Mais qu’est-il arrivé à l’ancien chef des White Stripes ? C’est quoi son nouvel album solo, fou et furieux peur de l’aube, c’est le nom ? Que s’est-il passé pour que le roi du garage, prisonnier jusqu’à présent d’un certain classicisme rock, s’amuse à bouleverser tous les dogmes, à brouiller toutes les pistes avec tant de fureur ?
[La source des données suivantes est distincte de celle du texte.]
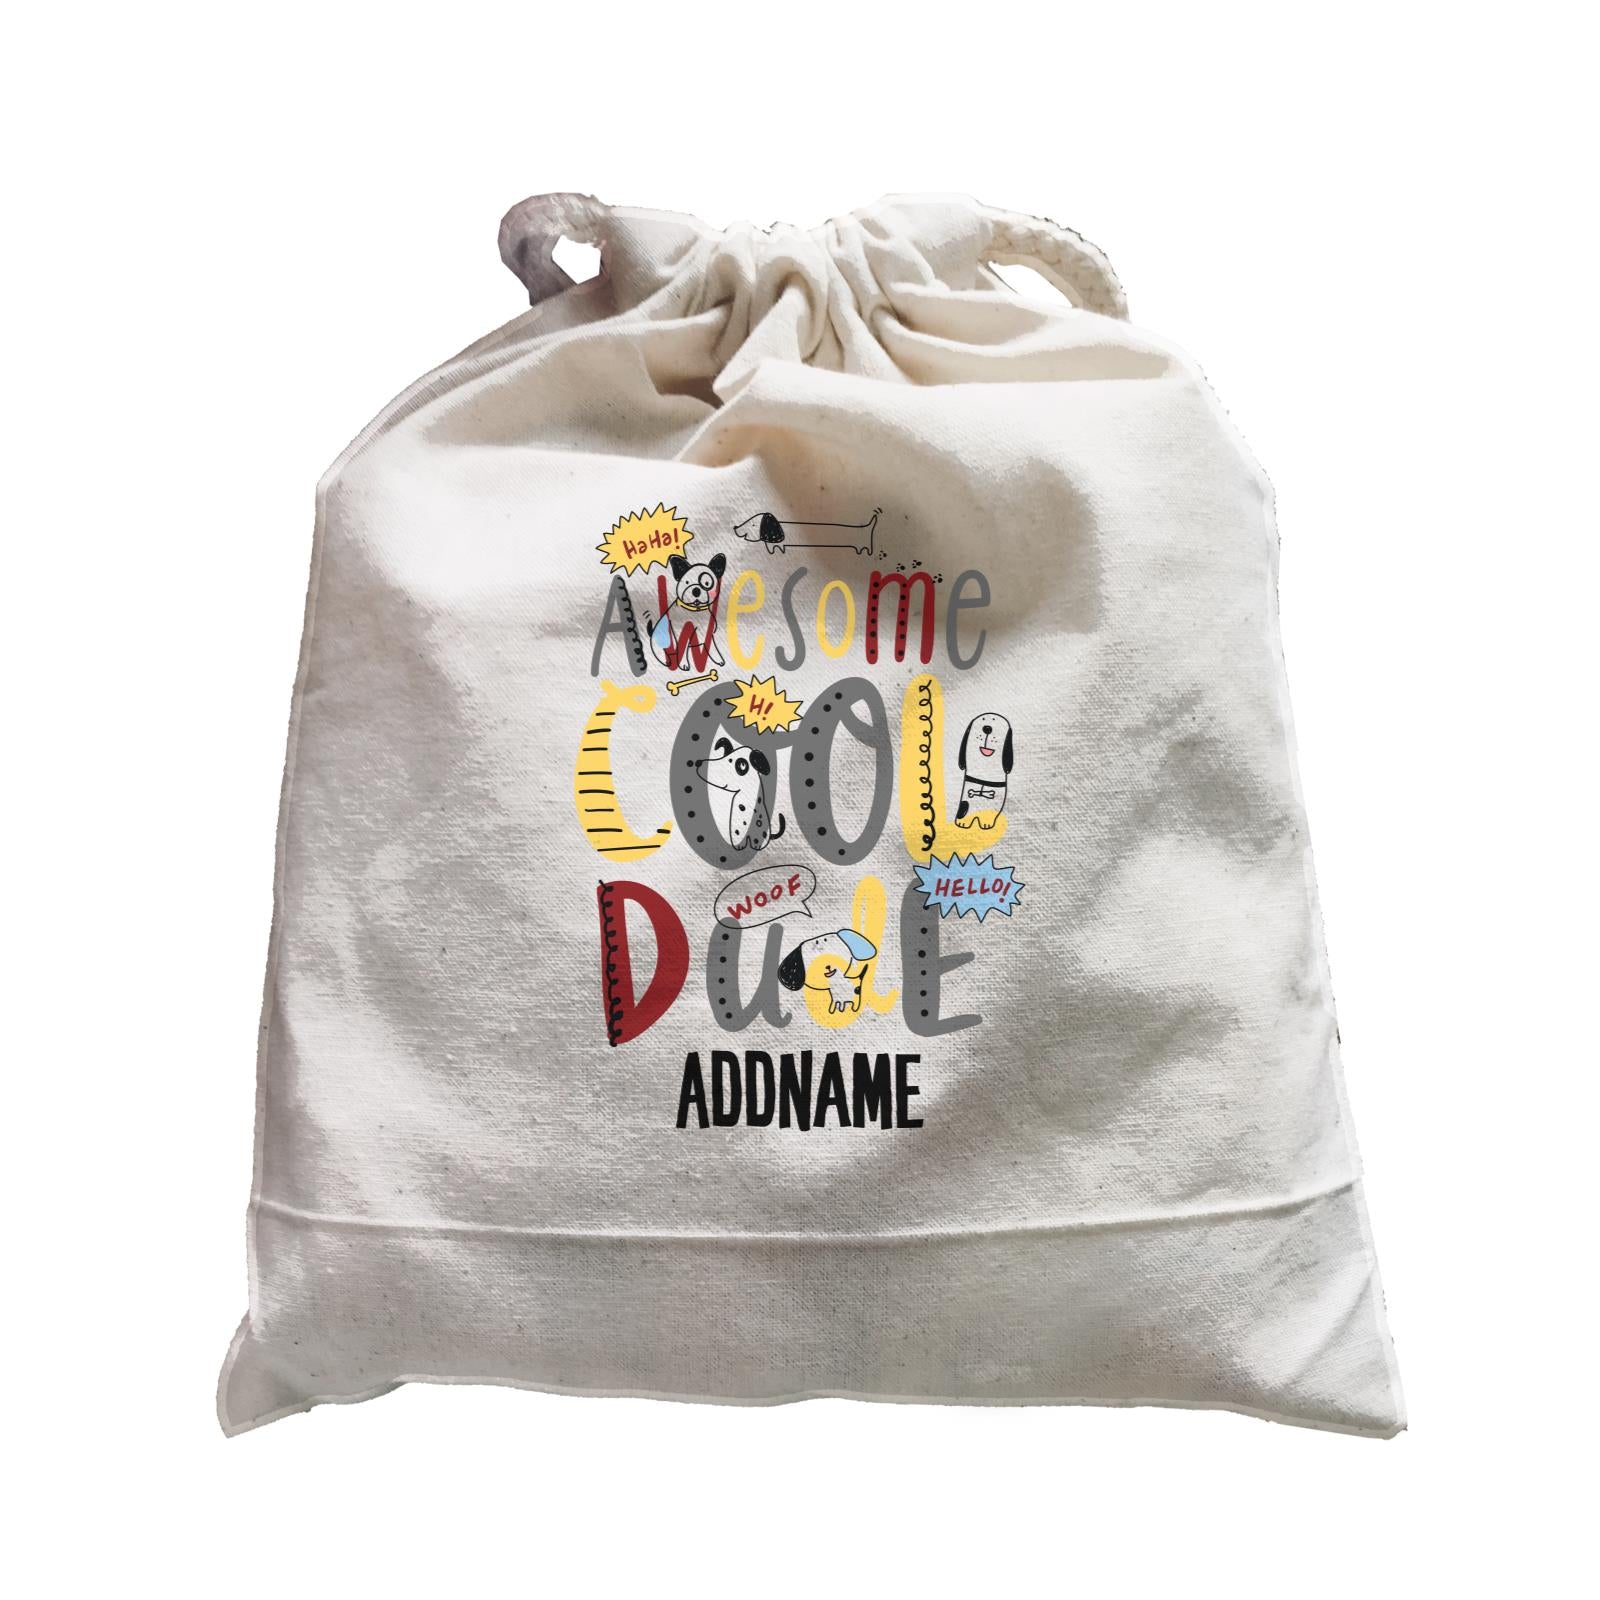 Cool Vibrant Series Awesome Cool Dude Addname Satchel

Lui, l’amateur de disques vinyles, le puriste du matériel analogique vintage, celui qui n’a jamais eu de téléphone portable, aurait-il décidé d’entrer dans la modernité en avançant le curseur vers l’avenir du rock ? C’est ce qu’on se demande à l’écoute de cet album survolté avec lequel Jack White frotte sa guitare avec du rap, du dub et, surtout, des synthétiseurs et des samples. On ne sait pas si c’est l’avenir du rock mais en tout cas c’est un super coup de pied aux fesses et aux tympans qui ne ralentit jamais.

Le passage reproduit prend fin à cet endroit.